Oenoe, Aea, and Thysa soon formulated a philter from their mantillas to counteract the effect. Sir Guiden charged Oenoe strictly to stay here out of the line of fire, and she bowed her head in obedience to him. “We are not a warlike people, my lord husband,” she said, smiling.

And so she and her maidens commanded the unconscious ones around them play music on their pipes and harps, with sleeping lips and fingers, and she waited for them to wake.

The mantillas the Nymph ladies wore spread and flapped in time with the music, and they were spreading a cloud of perfume to lull and bedevil any dog things venturing toward that quarter of the chamber.

Thysa wandered away down the balcony, until she was directly over the alcove holding the Witchfolk. Smiling and looking down from above, she applauded their brave deeds, and threw flowers at the feet of any fighter she thought needed a moment of berserk rage to aid him in his struggle: the flowers released spores to trigger battle-frenzy.

7. Witches

There was a safety feature built into the storage vats for the dangerous medical nanomaterial fluids stored in the throne room. It was a technology from some era neither the Blues nor the Witches knew: a curtain of what could be called smart-gas, a vapor whose electrical and tangible properties could be altered upon signal, was stretched across the alcove mouth. The Witches stepped through it, baffled by the sensation as if pushing through an invisible and almost impalpable beaded curtain—but there were more desperate things to attend to, and they were willing to believe it was supernatural, perhaps benevolent, and therefore the crones promised sacrifices to the spirits of this place, the Genius Loci, asking for protection, and used secret names to threaten, bind, and command.

And then the dogs were upon them.

Twenty-four dogs were in a line before an alcove in which thirty Witches were crammed, hiding, if at all, behind suits of armor from the First Dark Ages. This was not the carbon nanotube–reinforced titanium-steel ceramic of Maltese Powered Armor. These were pieces of handmade iron, or steel forged before Bessemer invented his process.

The line of dog things was simply a firing squad.

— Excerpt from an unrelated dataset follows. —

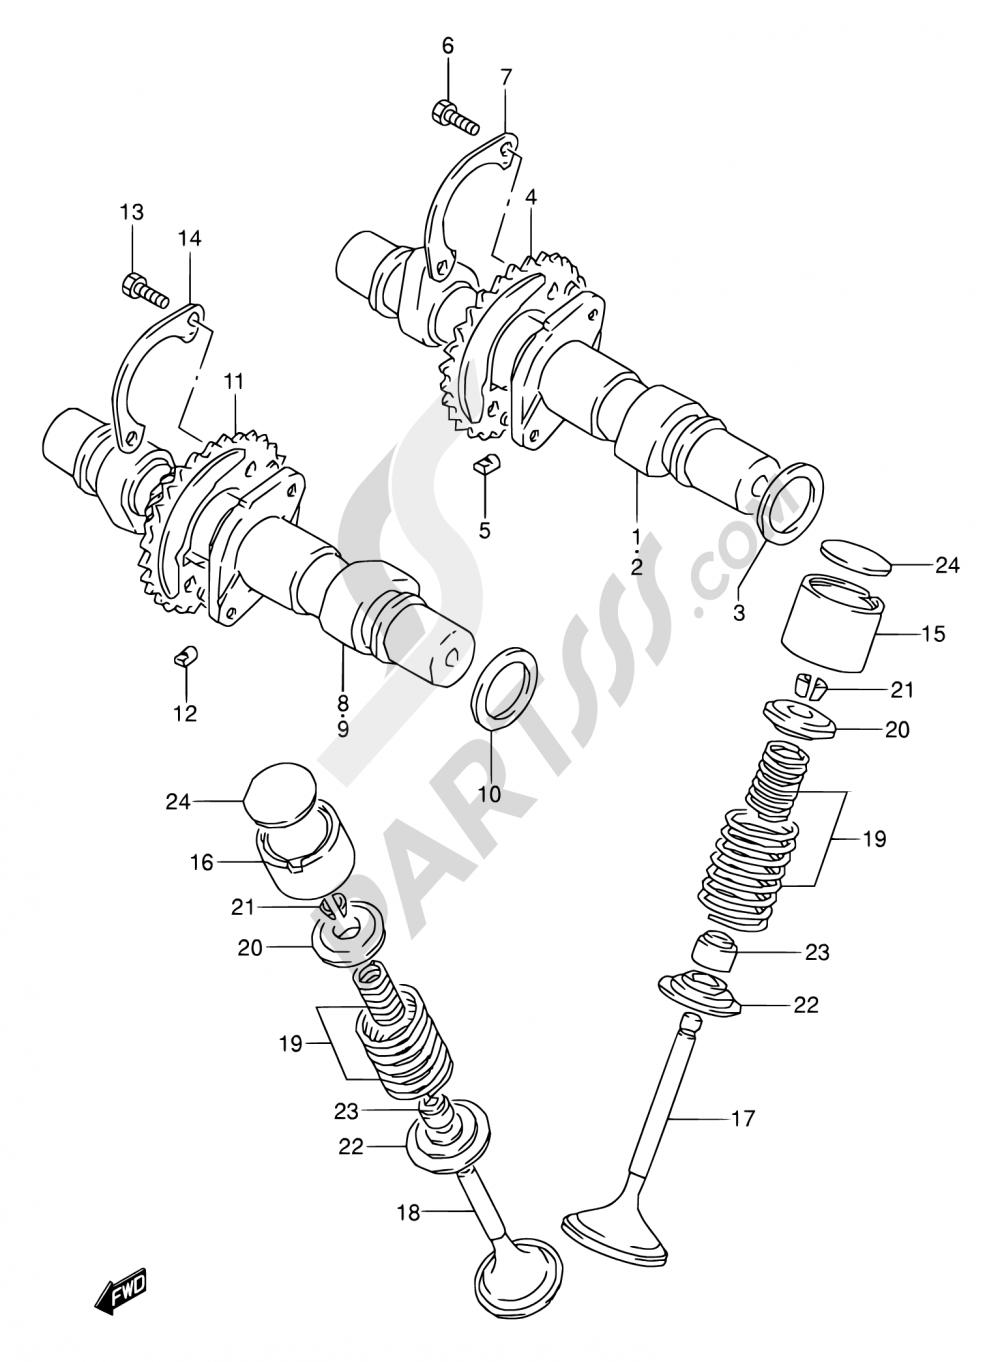 10 - CAM SHAFT - VALVE (MODEL K/L/M/N/P) Suzuki GS500E 1991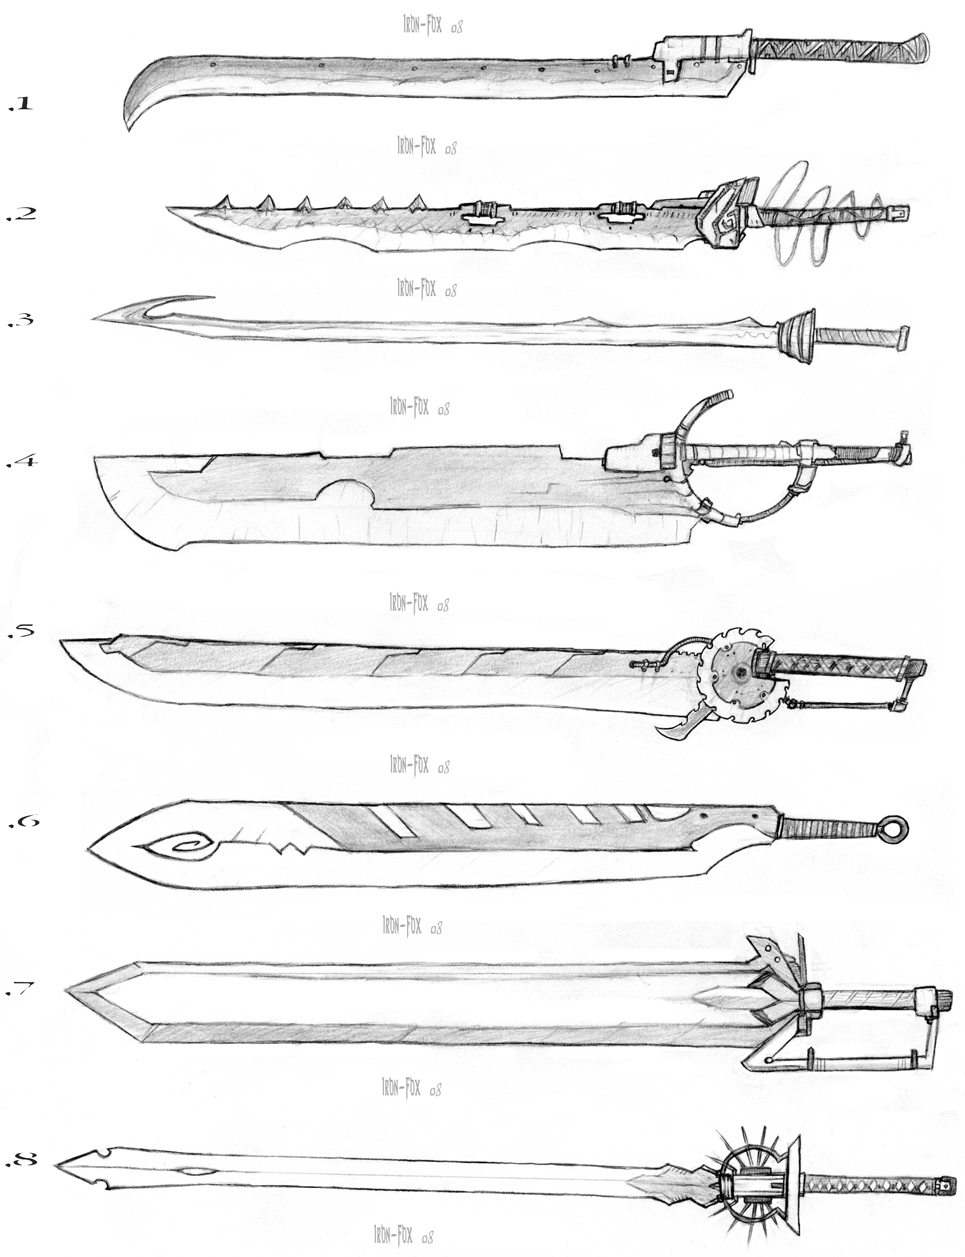 Sword Designs 2 by Iron-Fox

When the fighting erupted around them, and the ceiling guns destroyed those in this dog squad who had dared open fire on Bashan, the order to hold fire rang through the chamber. The Witches cheered, and mocked the dogs in a language they did not speak, and an overly excited Doberman Pinscher ordered the charge.

Bayonets ready, the dogs rushed in at top speed. The prayers to the Genius Loci were seemingly answered, because the purpose of the curtain of smart vapor was to prevent fast-moving objects from hitting the storage tanks. The air around the dogs thickened, and slowed their movements, as countless threads of invisibly fine long-chain macromolecules, diamond threads finer than spider silk and of the same index of refractivity as the air, attracted a suddenly dense substance around them by means of van der Waals forces.

The dogs could press through, of course. The curtain was not armor, after all, merely padding to prevent bumps. But the second line trampled the first when the first slowed for no visible reason.